Black Sea Exotica

The last remnants of the Cherkess population on the Black Sea coast find themselves the unwilling stars of a cheap tourist pantomime

Black Sea Exotica

The last remnants of the Cherkess population on the Black Sea coast find themselves the unwilling stars of a cheap tourist pantomime

Near the settlement of Bolshoy Kichmai, in the Park of the Thirty-three Waterfalls, the locals have built a model village to give visiting tourists a taste of "traditional Cherkess life".


Attractions include a working smithy and windmill, a smoke-house for home-made cheeses and a barn on stilts. In the village square, there's a wooden cage containing a wolf-cub with a heavy chain around its neck. The animal is scrawny, its yellow eyes dull with misery. It has already learned to wag its tail and drop to the ground when approached.

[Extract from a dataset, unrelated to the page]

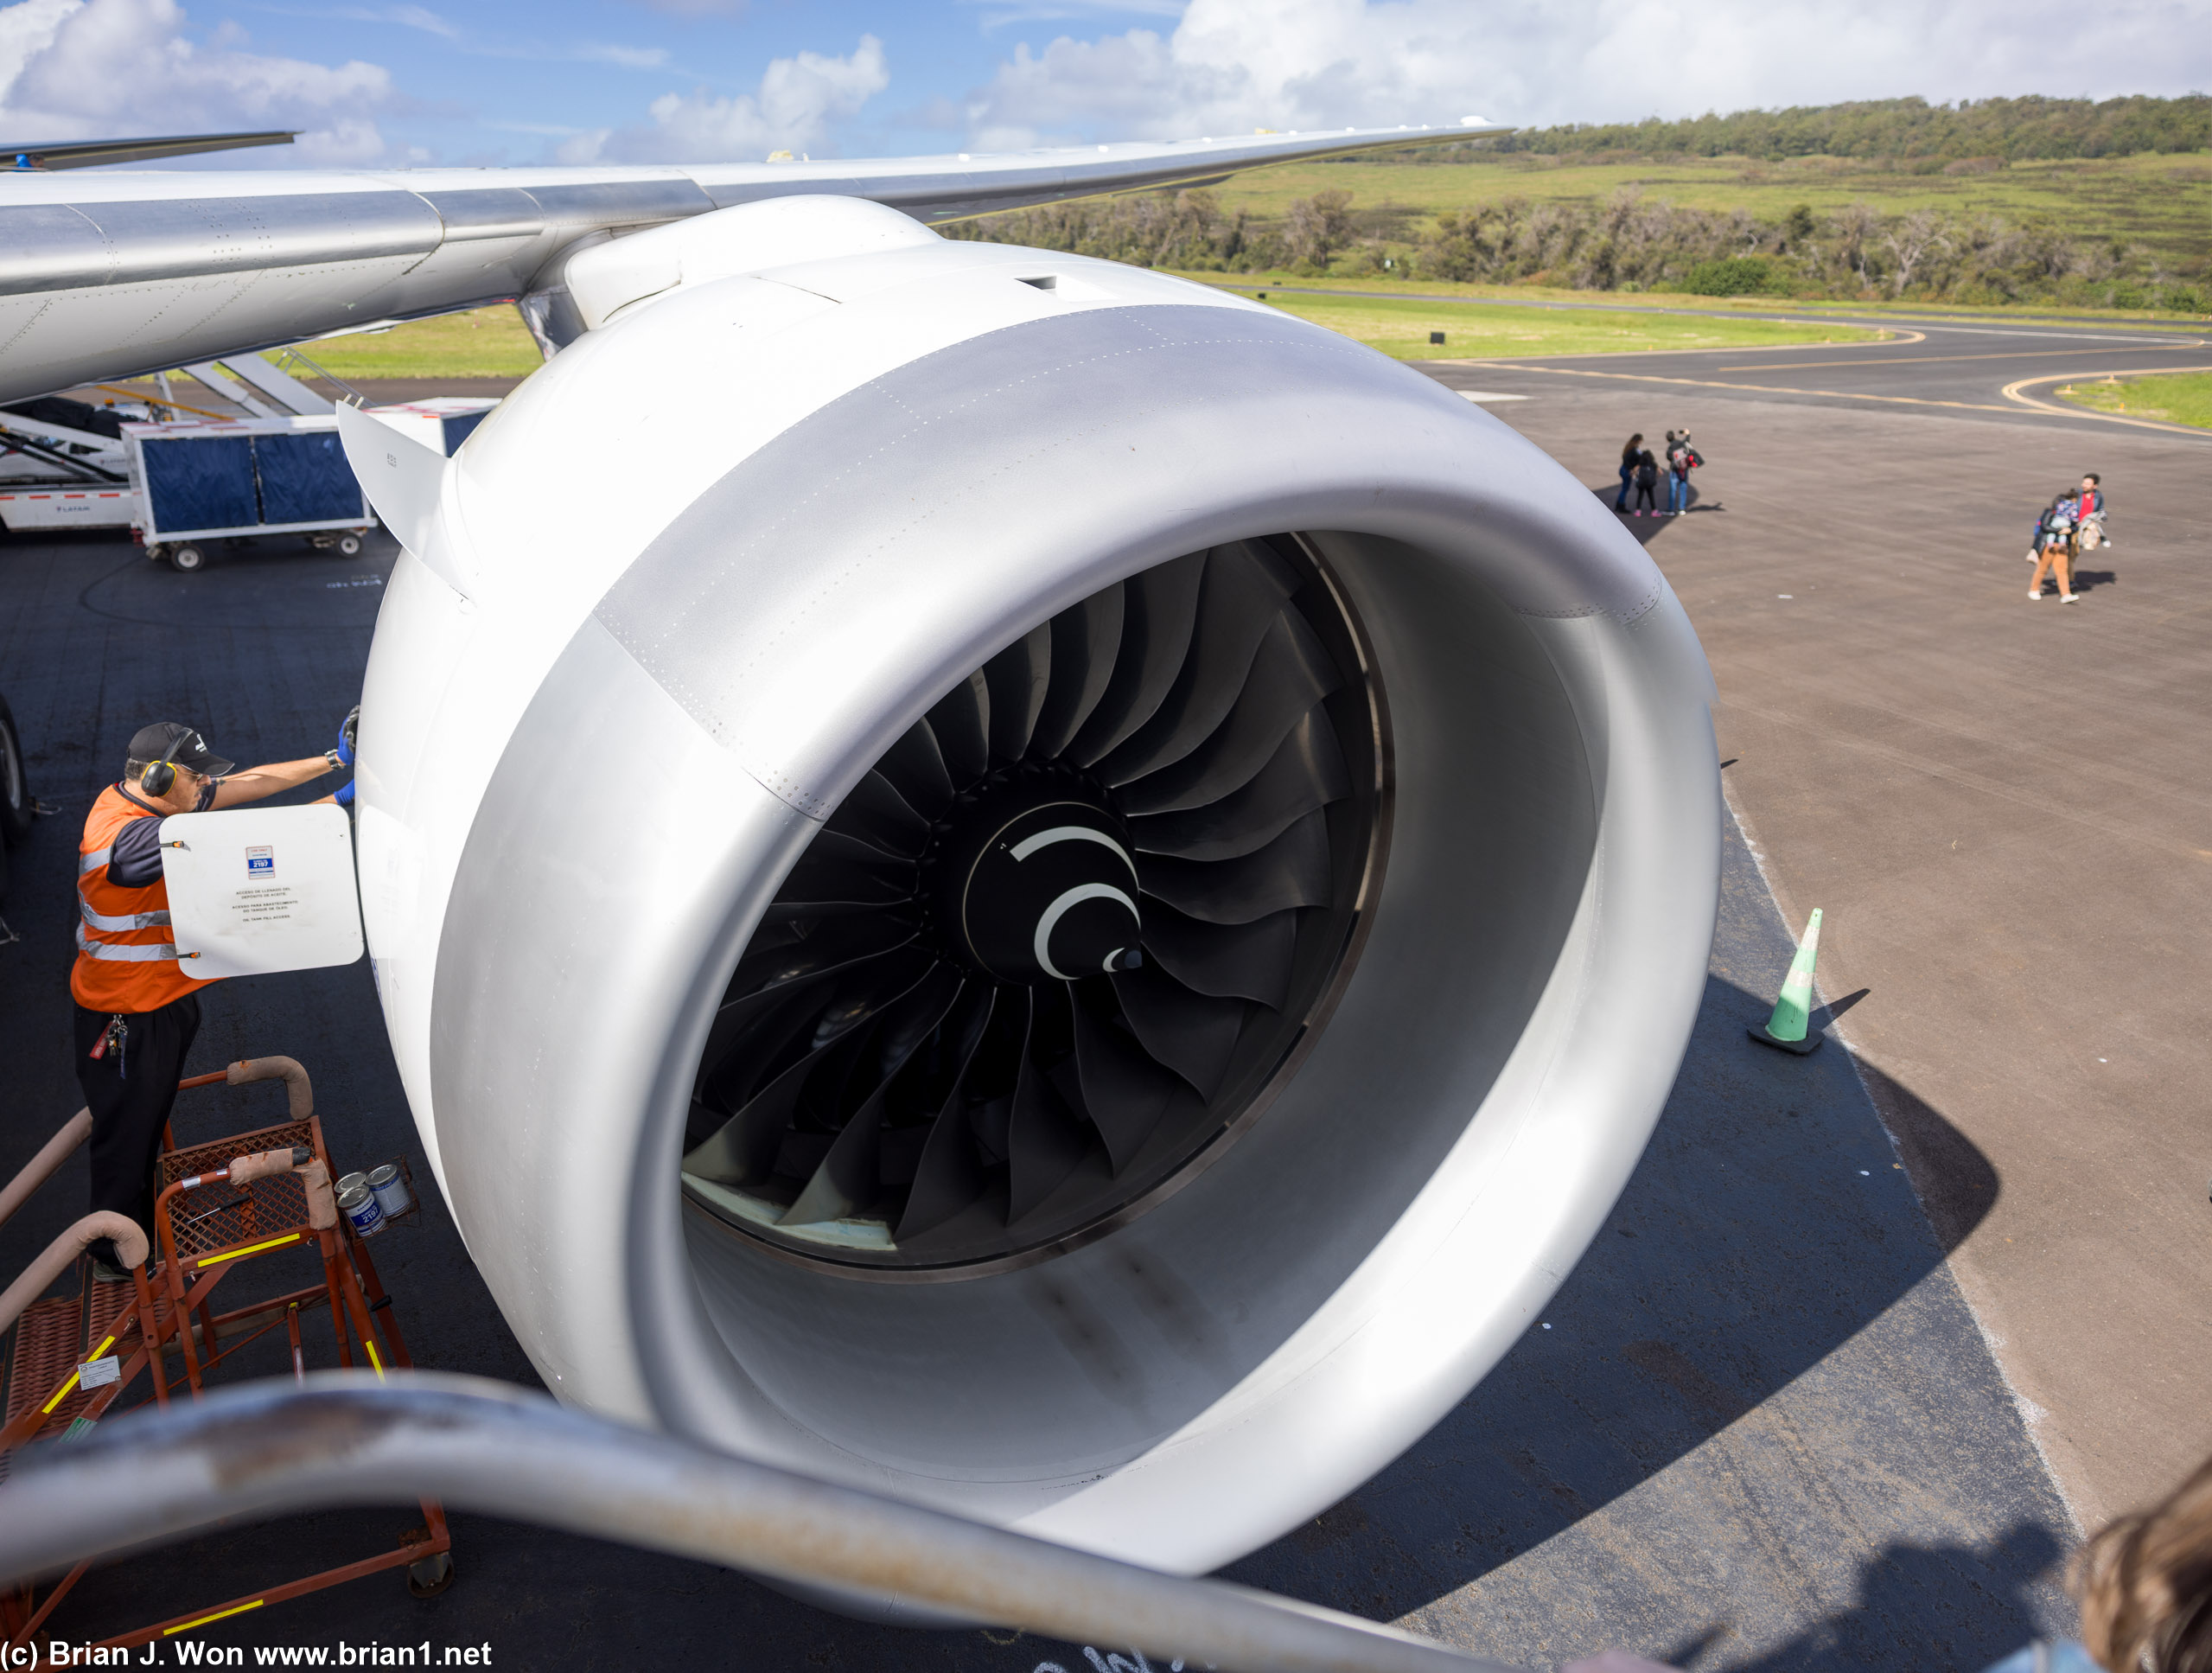 Rolls-Royce Trent 1000 turbofan, 112 inch fan.
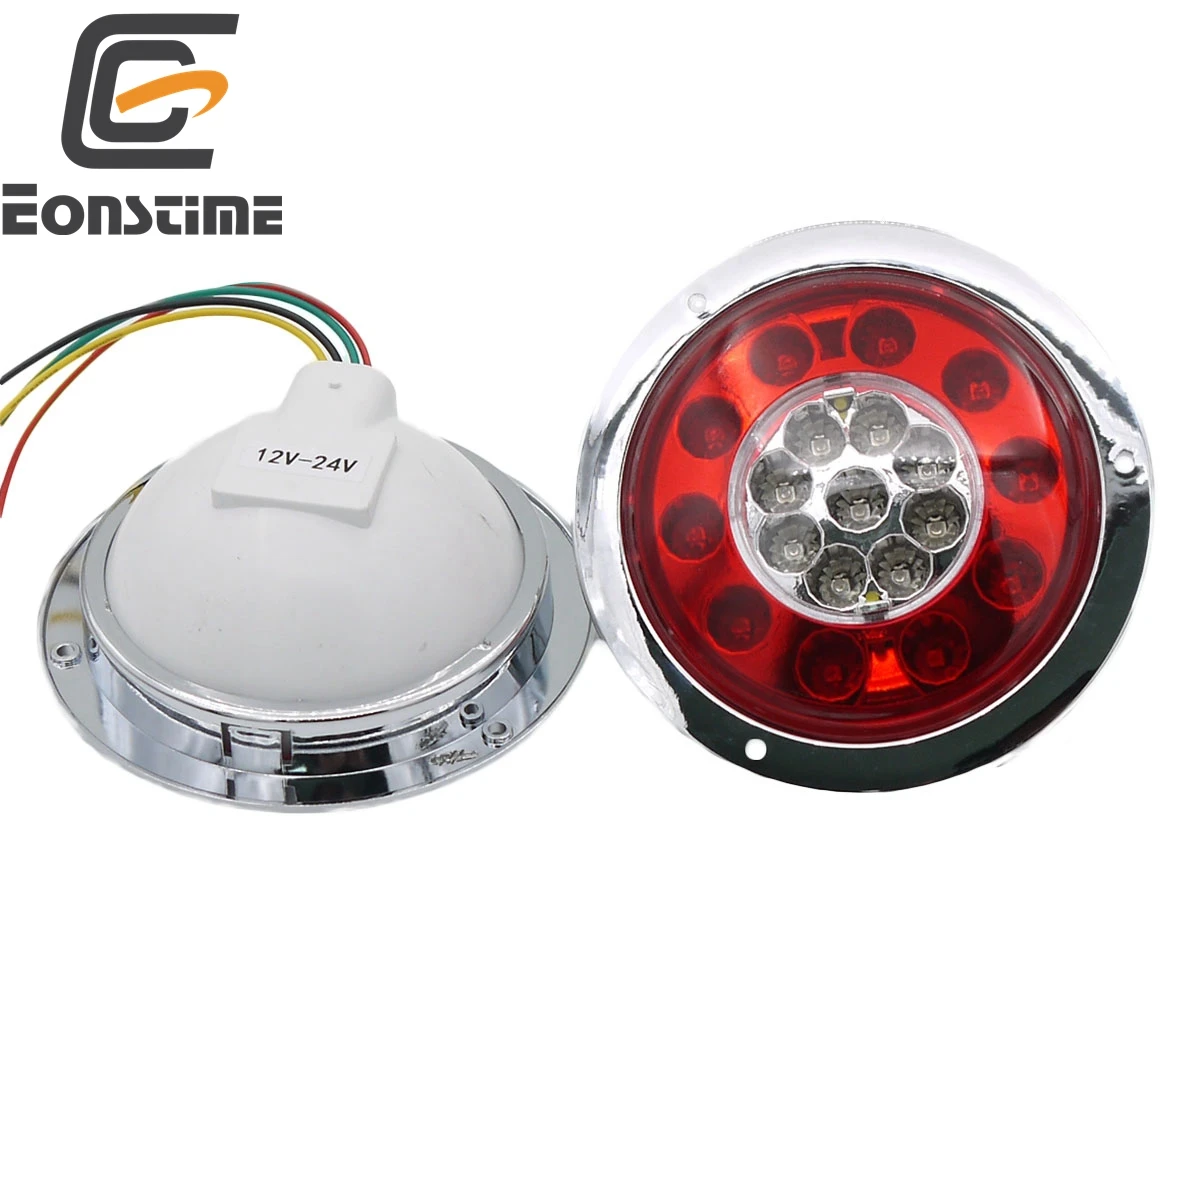 Eonstime 2 шт 12 В 2 Вт 10 светодиодный автомобильный прицеп для грузовика задний светильник стоп-индикатор задний фонарь сигнала поворота лампа E4 E-mark

The wolf-cub is symbolic of the Cherkess population as a whole. The descendants of the proud tribesmen who once controlled this part of the Black Sea coast are today forced to scrape a living as sideshow curiosities in a tourist hinterland which stretches from Anapa to the River Psou.


Numbering just 10,000 people, the Cherkess residents of the Black Sea coast make up less than one per cent of the total population. It is a far cry from the days of Tsar Alexander II when the Cherkess inhabited 76 settlements in the region and cultivated the fertile land around the river valleys.


Their roots can be traced back to 2,000BC when their ancestors, the Khatts, came north from Anatolia. The Khatts' great contribution to civilisation was the discovery of a process for smelting iron and its subsequent use to make weapons and tools.


The Cherkess or Adygeans who settled in the Caucasus survived the depredations of successive invaders - the Romans, the Persians, the Mongols, the Crimean Khan and the Ottoman Empire - gaining a fearsome reputation for military prowess.


However, during the Tsar's first military expeditions into the Caucasus, the bulk of the Cherkess coastal dwellers were driven southwards into Turkey while their ethnic homelands were settled by Cossack clans.


Traditionally inhabitants of the open steppe, the Cossacks soon abandoned the wooded coastline and were replaced by Greeks and Armenians - Christian subjects of the Ottoman Empire who had been lured to the Caucasus by promises of free land.


It was in the latter half of the 19th century that the Black Sea coast became a premier tourist destination for Russia's social and political elite. And the stunning slopes of the Caucasus mountains became little more than the backdrop for a banal operetta which was played out there every summer.


The Communist nomenclature also developed a lasting affection for the region which was soon littered with state dachas and luxurious sanatoria. The local population had little choice but to seek employment in the busy service industry which grew up around the resorts.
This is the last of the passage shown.